RECORDS »
================================

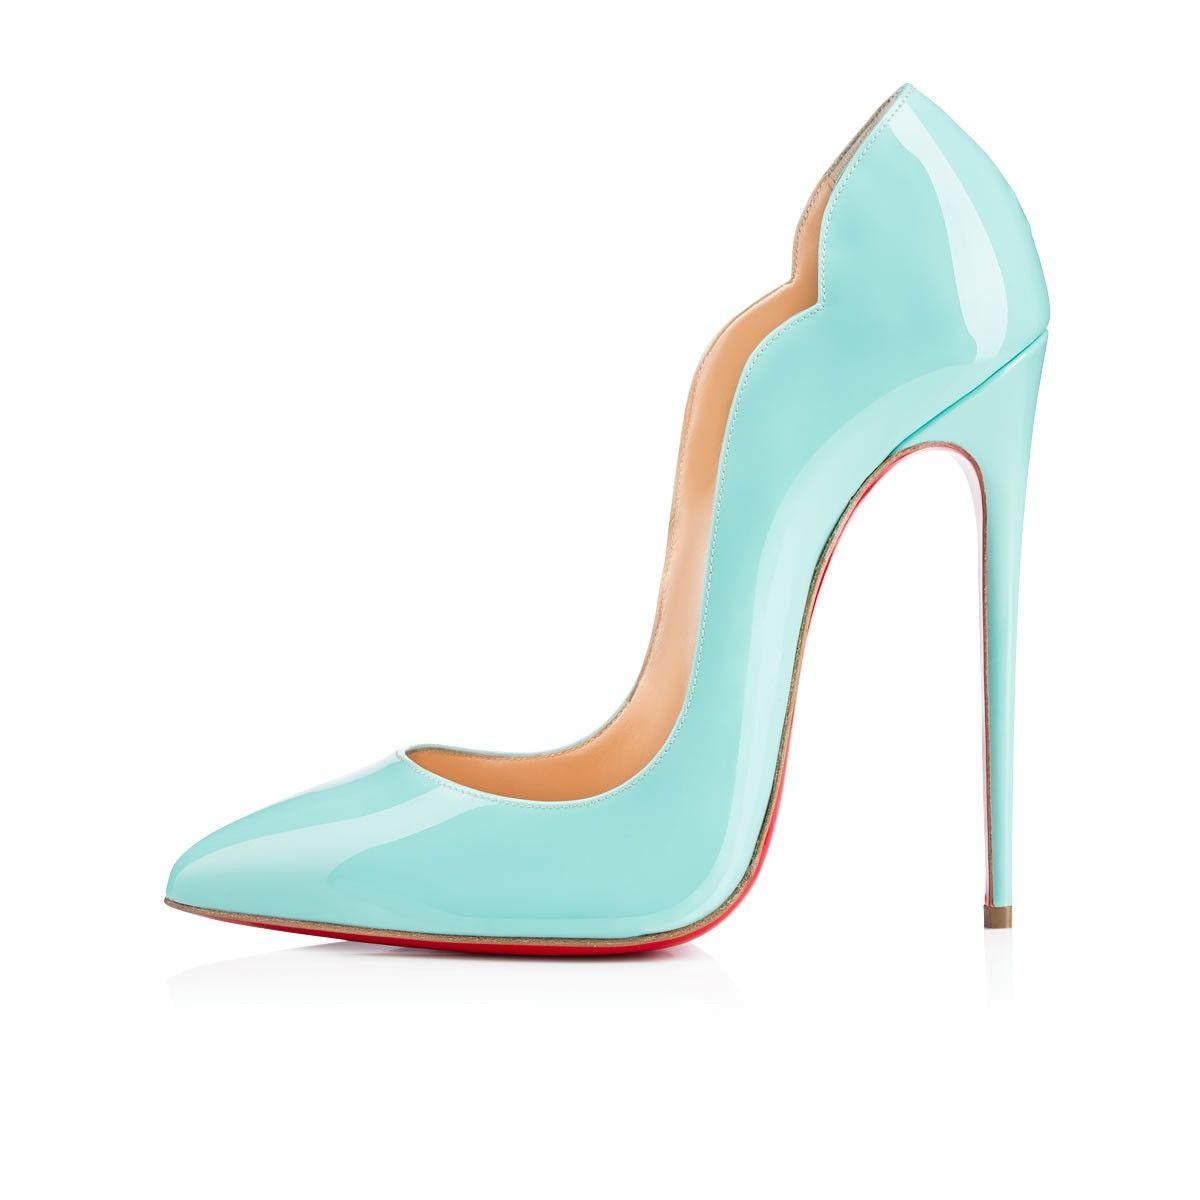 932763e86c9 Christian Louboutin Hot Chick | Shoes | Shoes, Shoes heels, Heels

================================

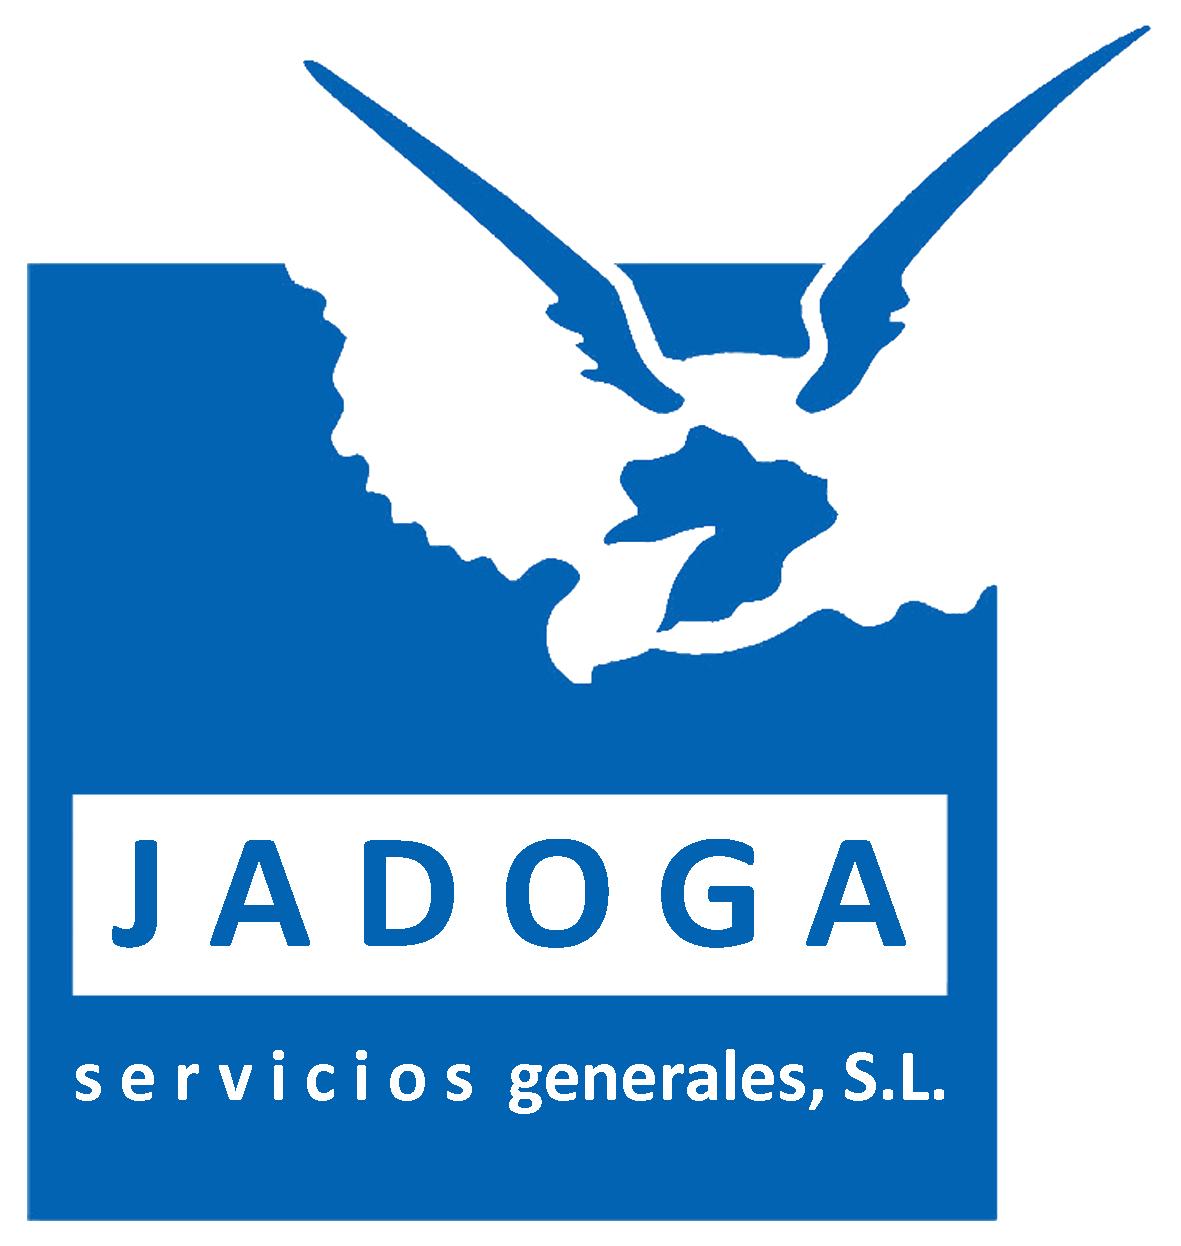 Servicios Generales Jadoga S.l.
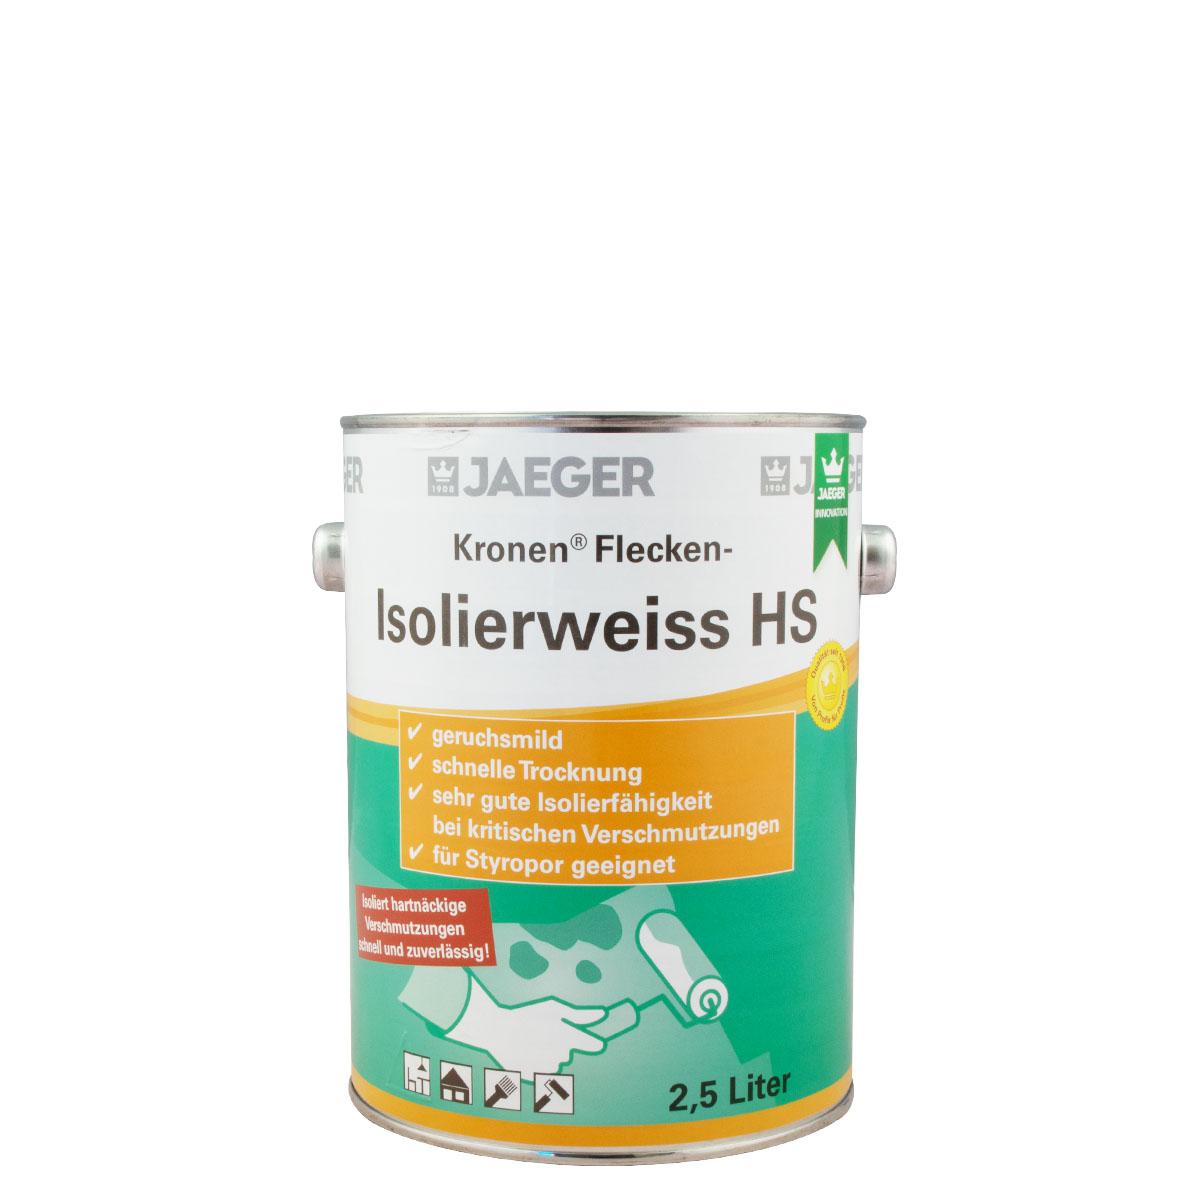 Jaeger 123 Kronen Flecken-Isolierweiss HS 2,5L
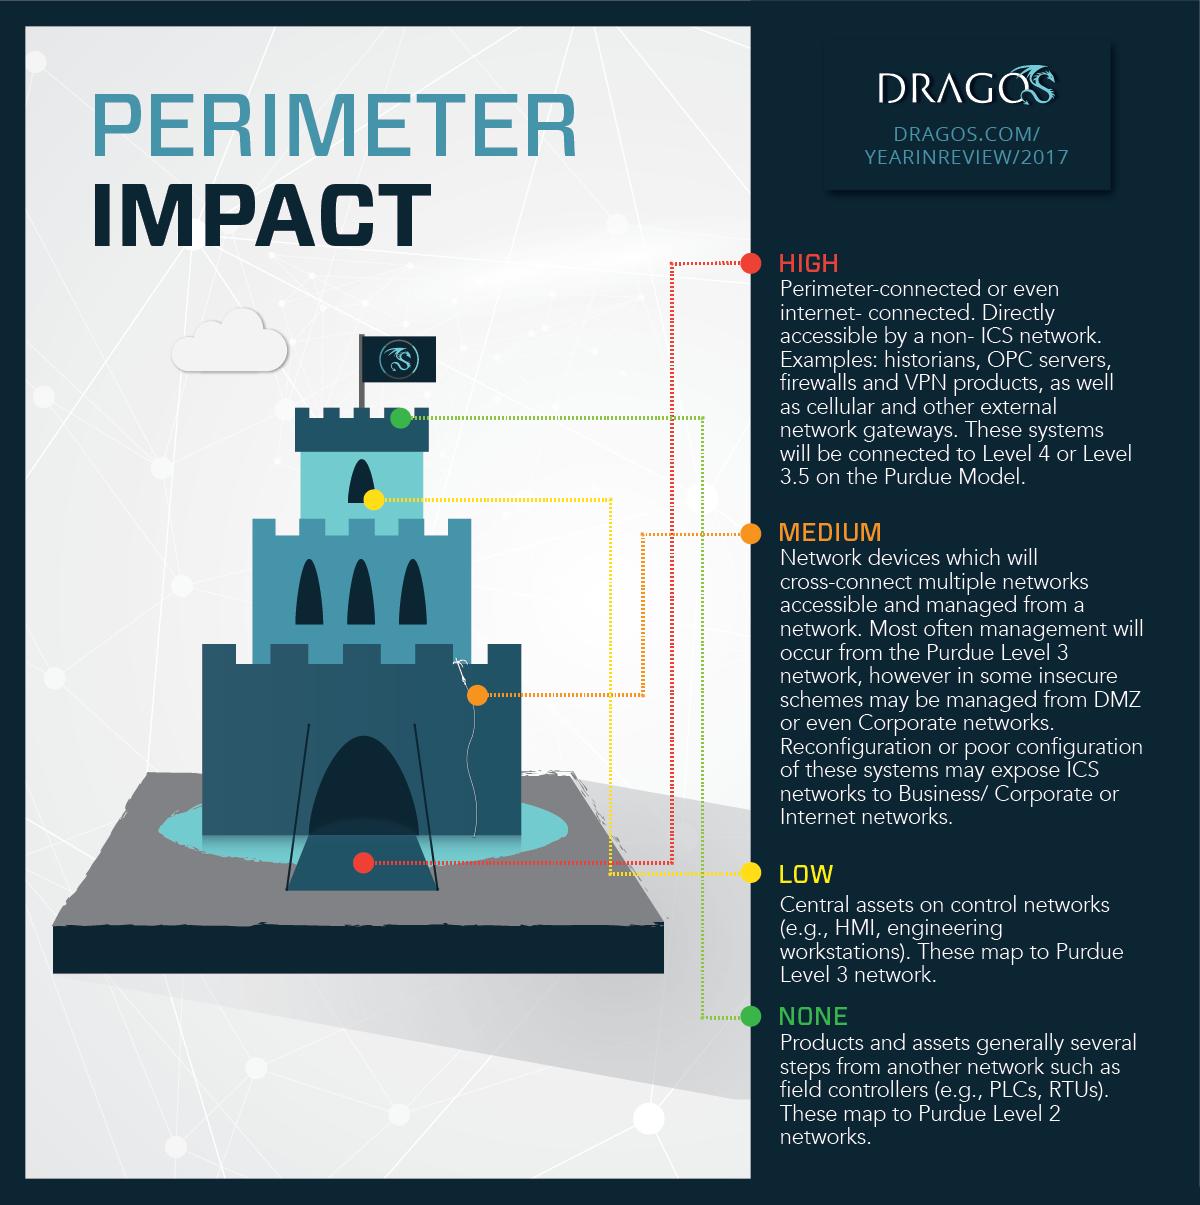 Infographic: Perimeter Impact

================================

PROBLEM TO SOLVE »
Return exactly the lines above, from the one with "Jaeger 123 Kronen" up to and including the one with "Infographic: Perimeter Impact", and include no pictures.

ANSWER TO THIS EXERCISE »
 Jaeger 123 Kronen Flecken-Isolierweiss HS 2,5L
 Infographic: Perimeter Impact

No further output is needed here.